I don’t know if that is the cytokines themselves, blocking the normal pathways to our pleasure centers that our thoughts might take; or if this is purely on a psychological level, the development of negative associations with all the details of the place where we suffer when ill.
All I know is that my joy had exited the building. I always appreciate fireplaces, but I didn’t even like to see the one in our house blazing away. The sheltering cedar and hemlock surrounding our backyard were just… there. That perfect, mainland Christmas tree the girls were so excited about? Meh — and I love Christmas trees.
My joy was sapped.
Then things got worse, the night before my second cisplatin infusion. I awoke around 2AM, suddenly aware that I was struggling to breathe. This was not entirely out of the blue - I had noticed last month when I got my first CT scan that tilting my head back with full neck extension led to my tumor-filled tongue dropping into my airway, and totally occluding it. Quite the surprise! I’ve had to manage my radiation sessions with some awareness towards the position of my tongue so I can, y’know, continue to breathe through them. I can only imagine how rough this set-up would be for a very claustrophobic person who is also intermittently collapsing their airway:
Anyway, my doctors did not seem either overly concerned or interested about this phenomenon, so I was just relieved it was not affecting my excellent sleep in the slightest.
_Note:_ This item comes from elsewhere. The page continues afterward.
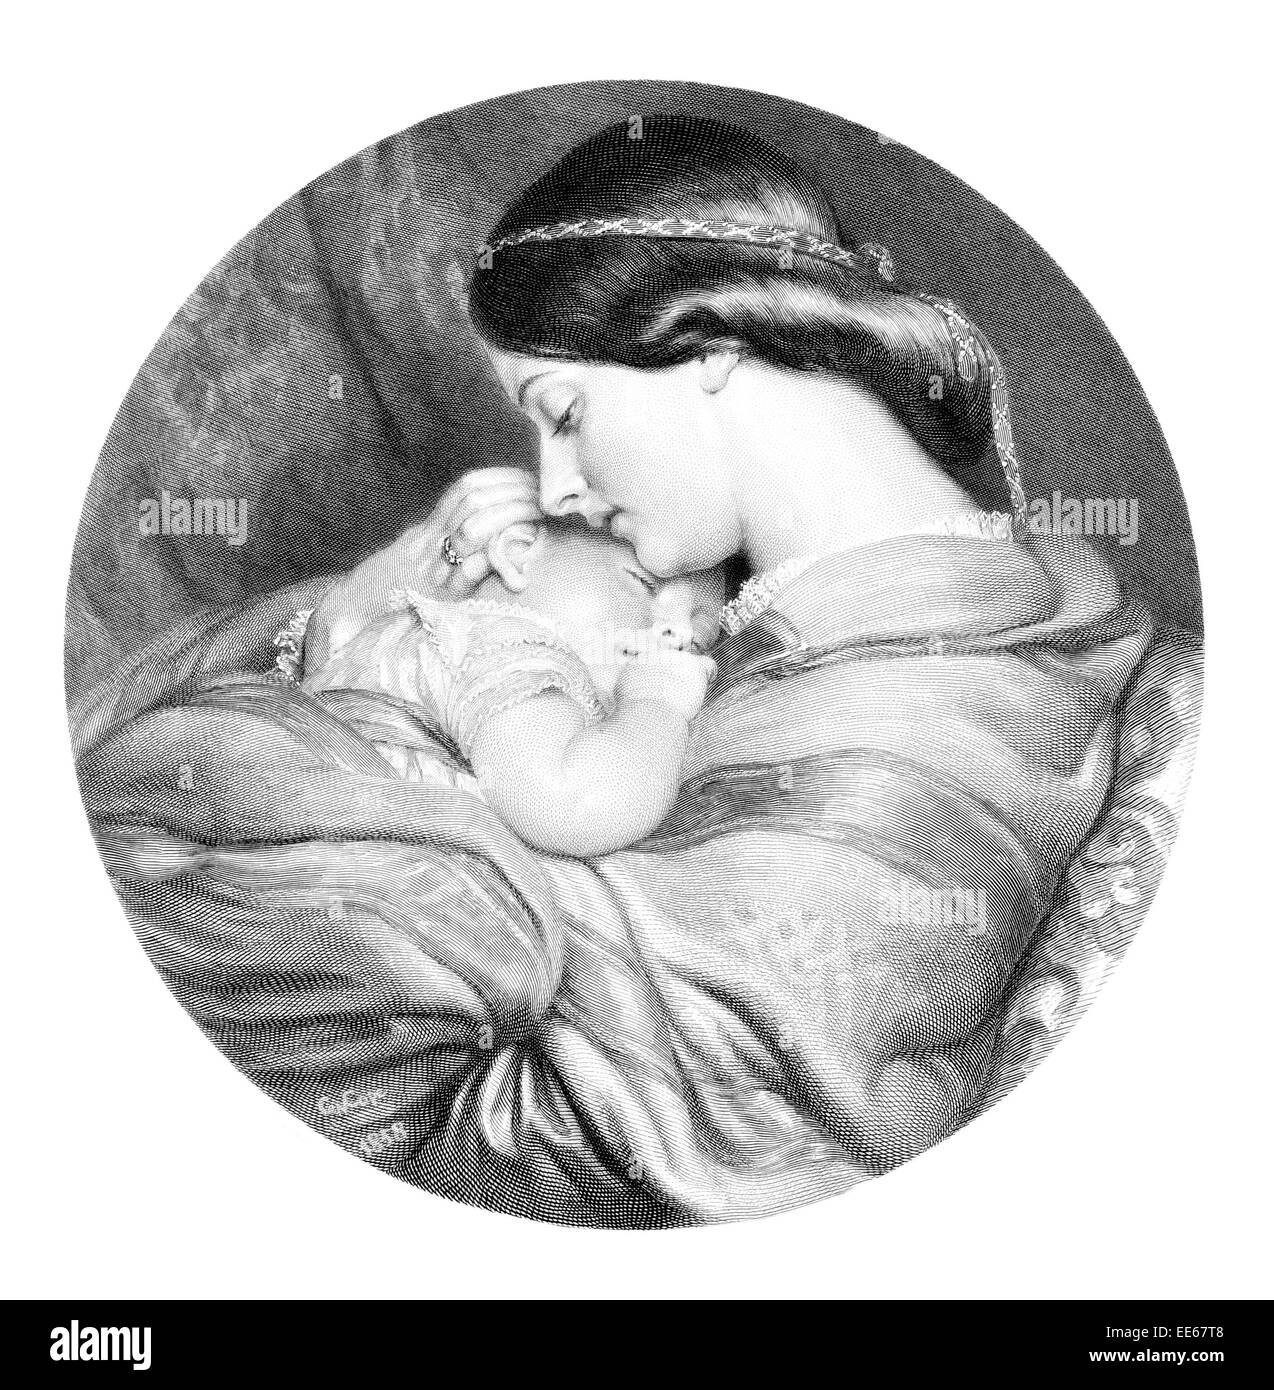 The Young Mother Charles West Cope Woman Female grace graceful beauty female Lady girl baby child infant sleeping rest cradle Stock Photo

Until it did. The rest of that Tuesday night, every time I started to drift off… GAACK! Airway collapsed. Of course, my tired mind joined in the fun, starting to wonder things like: “Does this mean my tumor is having some kind of paradoxical GROWTH from my chemoradiation?” and “Will I need CPAP, or surgery, or GASP! a tracheotomy tube???” I’m not saying this was rational; just the musings of a cancer patient at 3 AM.
I padded off to my cisplatin infusion day in a rotten state, as anxious as I’ve been in this whole process. This was not the Eye of the Tiger I was looking for to begin cisplatin infusion #2.
I decided I needed to try a little harder to shift from Whiner Mentality to Warrior Mentality. A kindly ENT resident who had done me the service of looking through my CT images (and even printing them out! Doctors, there is no substitute for preparation in easing the worried minds of our patients!) reassured me that it was a bit early yet for much tumor response, but there was likely some inflammation around the base of my tongue that was tightening up my airway. We agreed that the jolt of steroids I would get in my IV before the cisplatin might coincidentally be just what I needed.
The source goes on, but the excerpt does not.